Event

Co-sponsored with Penn Forum on Japan Third Thursday Series

Hayashi Razan (1583-1657) has often been described as a yes-man, a paid lackey and an ideological fixer for the early Tokugawa shoguns. He has been labelled as a Neo-Confucian scholar and unoriginal as a scholar - so not very promising as a subject for a lecture! But the reality is rather different, and this talk, based on his manuscripts, his block-printed publications and some of the books he once owned, will show both his connections with Korea and his extraordinarily wide-ranging efforts to make Chinese texts accessible and understandable for his contemporaries. The lecture will start with his dramatic death and instead of trying to be comprehensive will focus on some key episodes and texts to identify his real significance in early 17th-century Japan.

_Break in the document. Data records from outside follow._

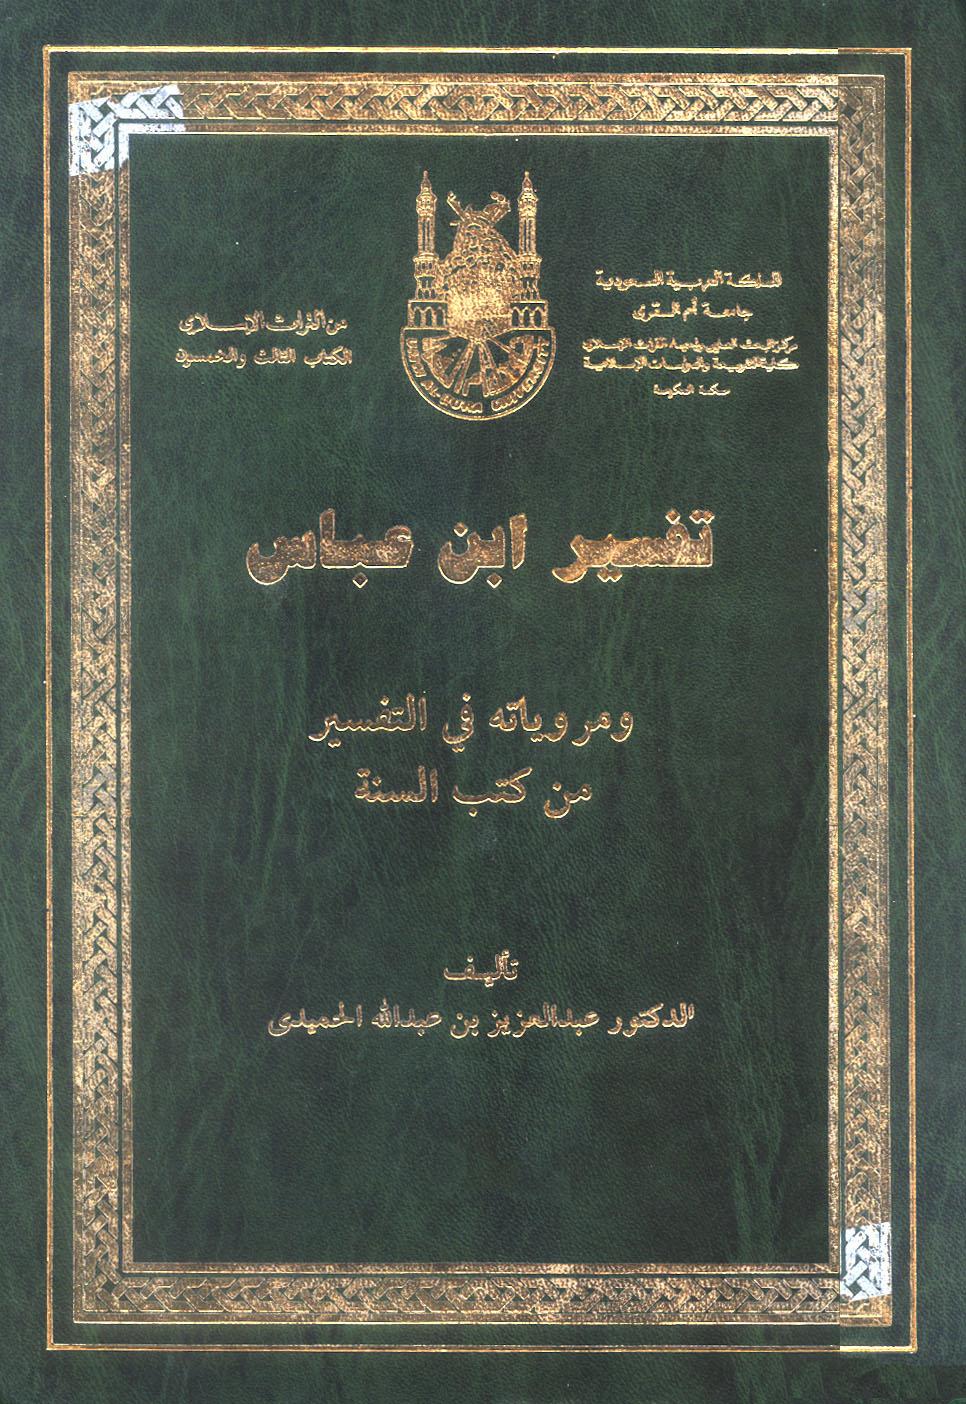 تحميل كتاب تفسير ابن عباس ومروياته في التفسير من كتب السنة لـِ: الدكتور عبد العزيز بن عبد الله الحميدي
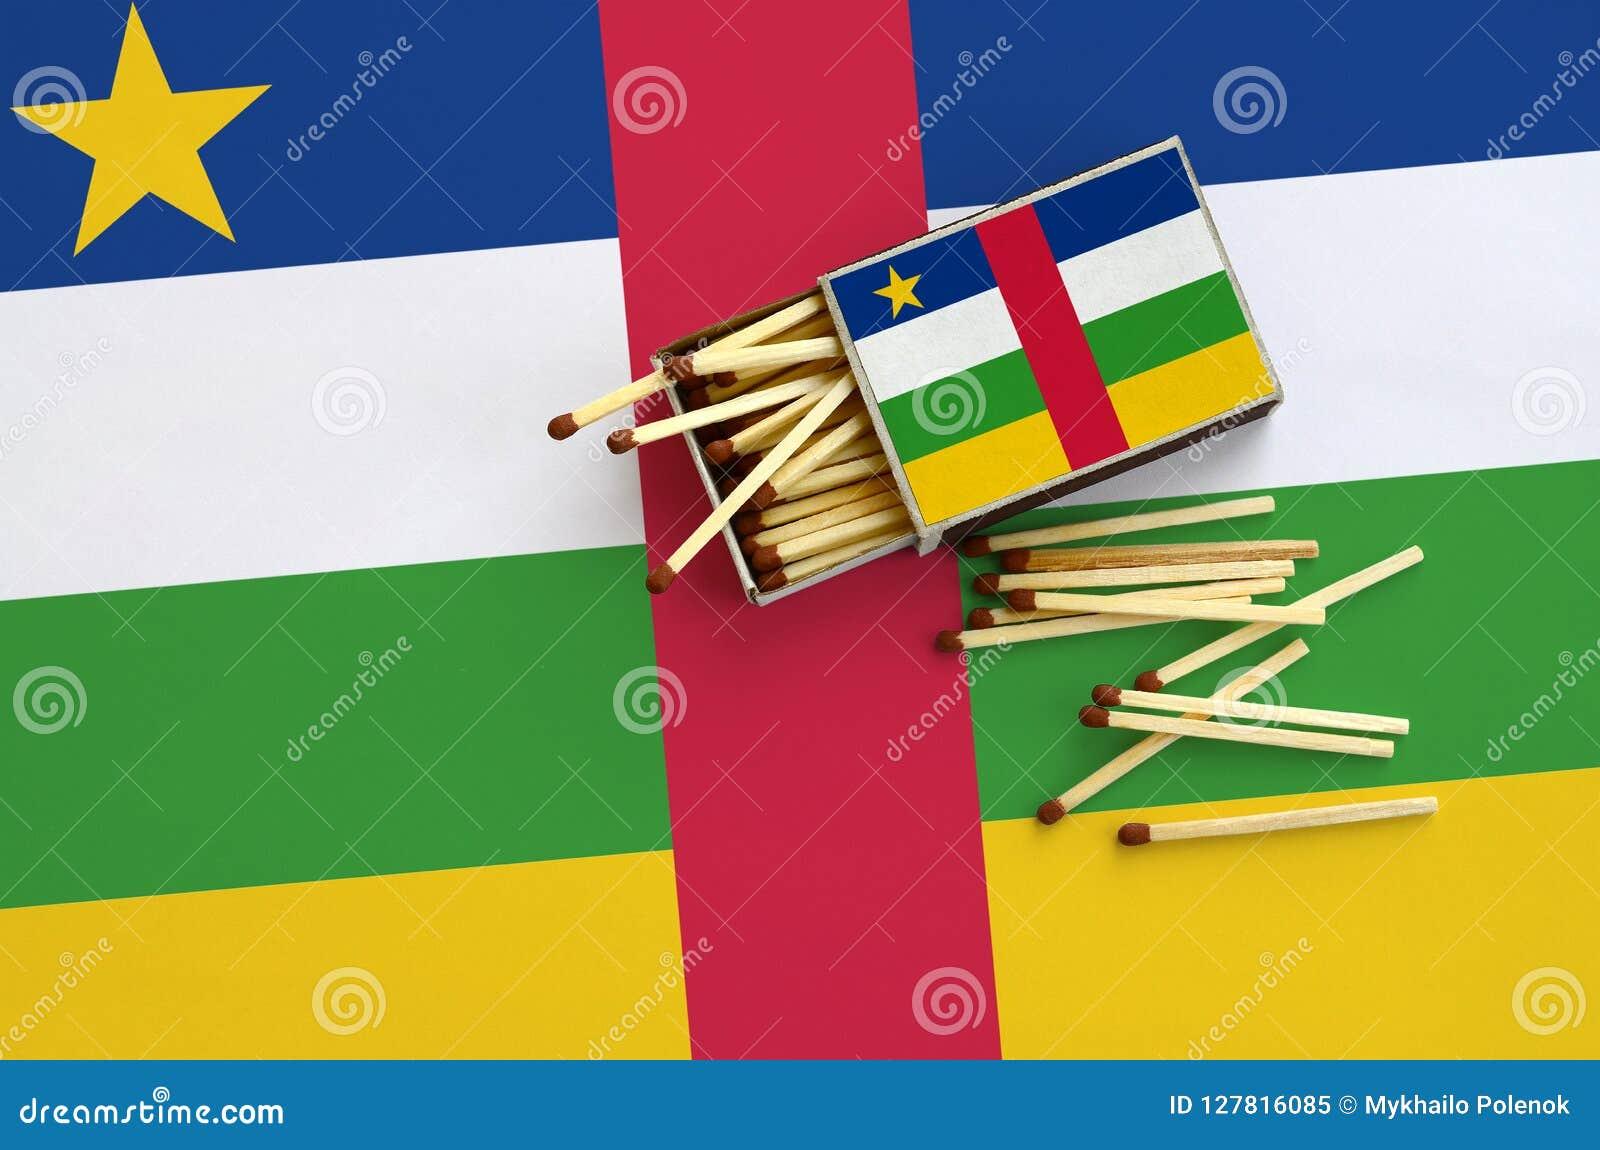 La bandiera della Repubblica centroafricana è indicata su una scatola di fiammiferi aperta, da cui parecchie partite cadono e bug
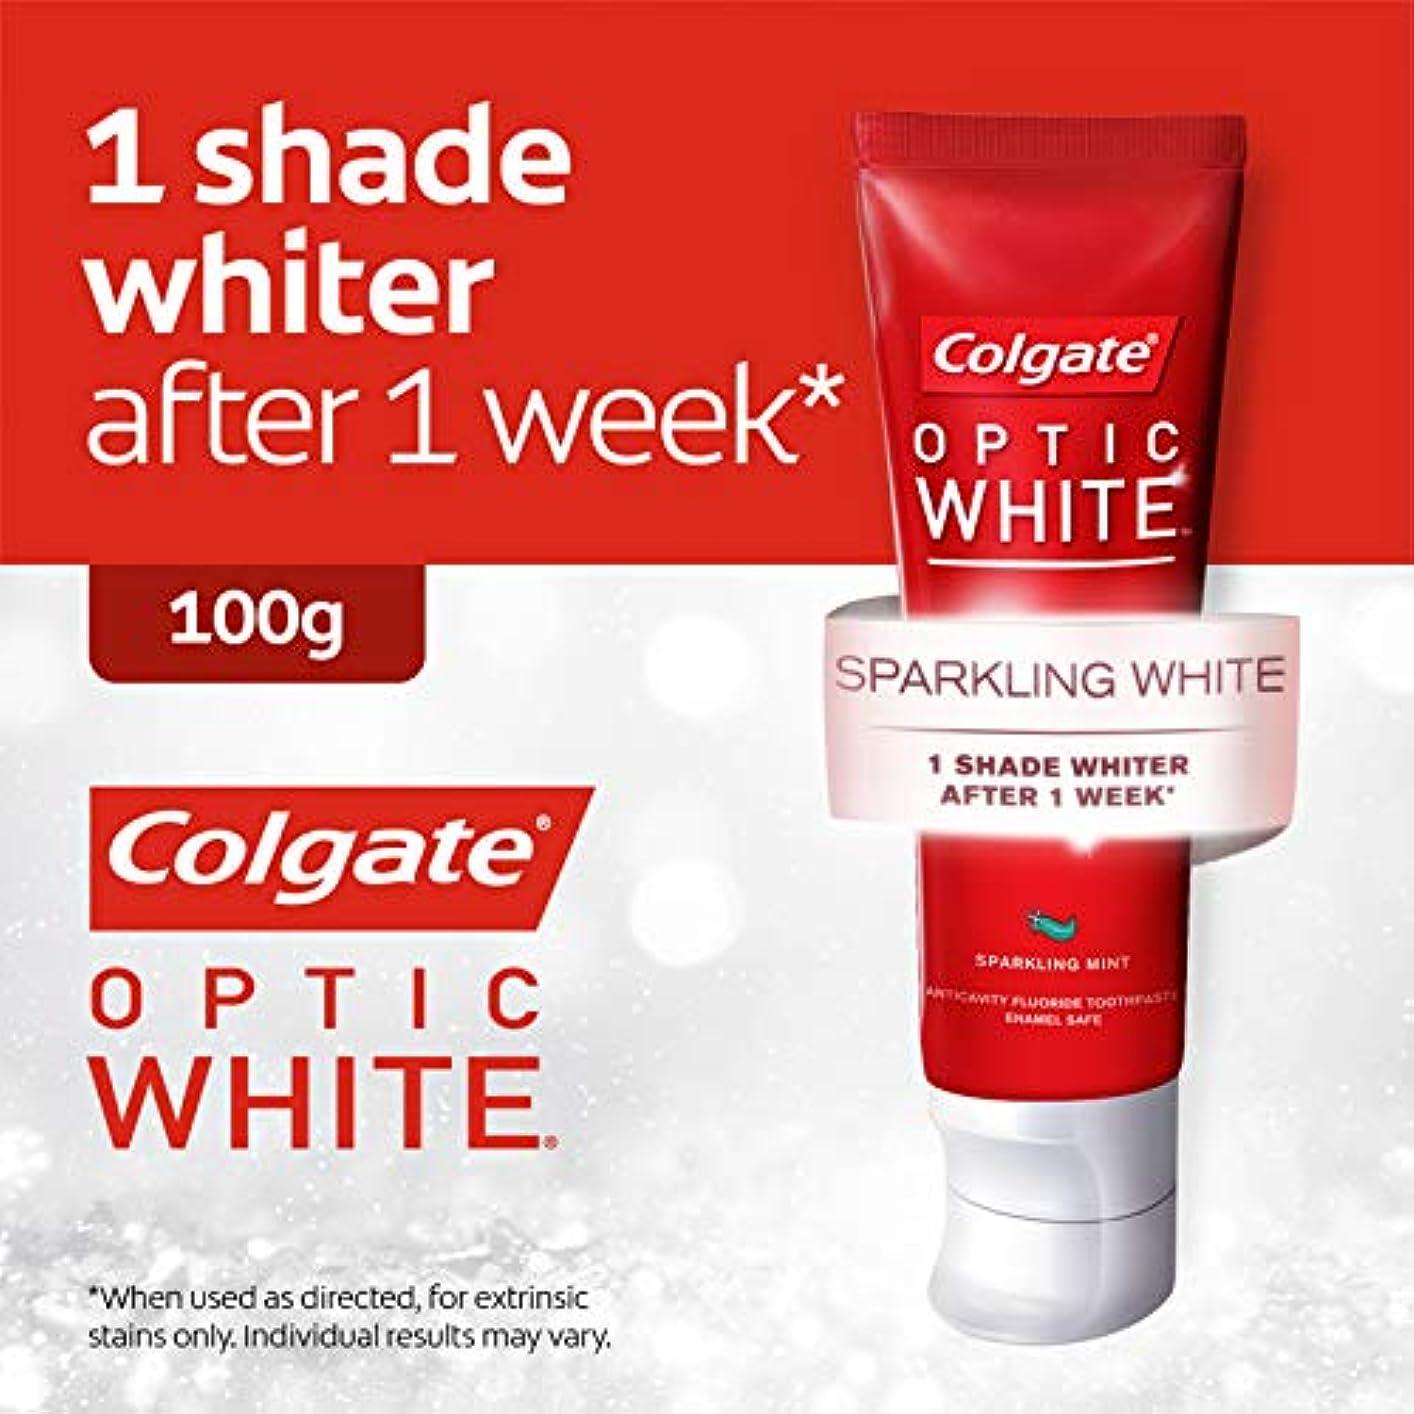 少年カメ自殺コールゲート オプティック ホワイト スパークリングシャイン 100g 歯磨き粉 Colgate Optic White Sparkling Shine 100g Tooth Paste

Peter Kornicki is Emeritus Professor of Japanese Studies at Cambridge University. Professor Kornicki did his BA in Japanese and Korean at Oxford and his D.Phil. in 19th-century Japanese literature. He has spent about six years in Japan in total, mostly in Kyoto. From 1978 to 1982, he was associate professor at the Humanities Research Institute of Kyoto University. Professor Kornicki has been based in Cambridge since 1985. In 1992 he was awarded the Japan Foundation Special Prize (with Hayashi Nozomu). He is a fellow of The British Academy, and in 2012, he was elected a member of the Academia Europea.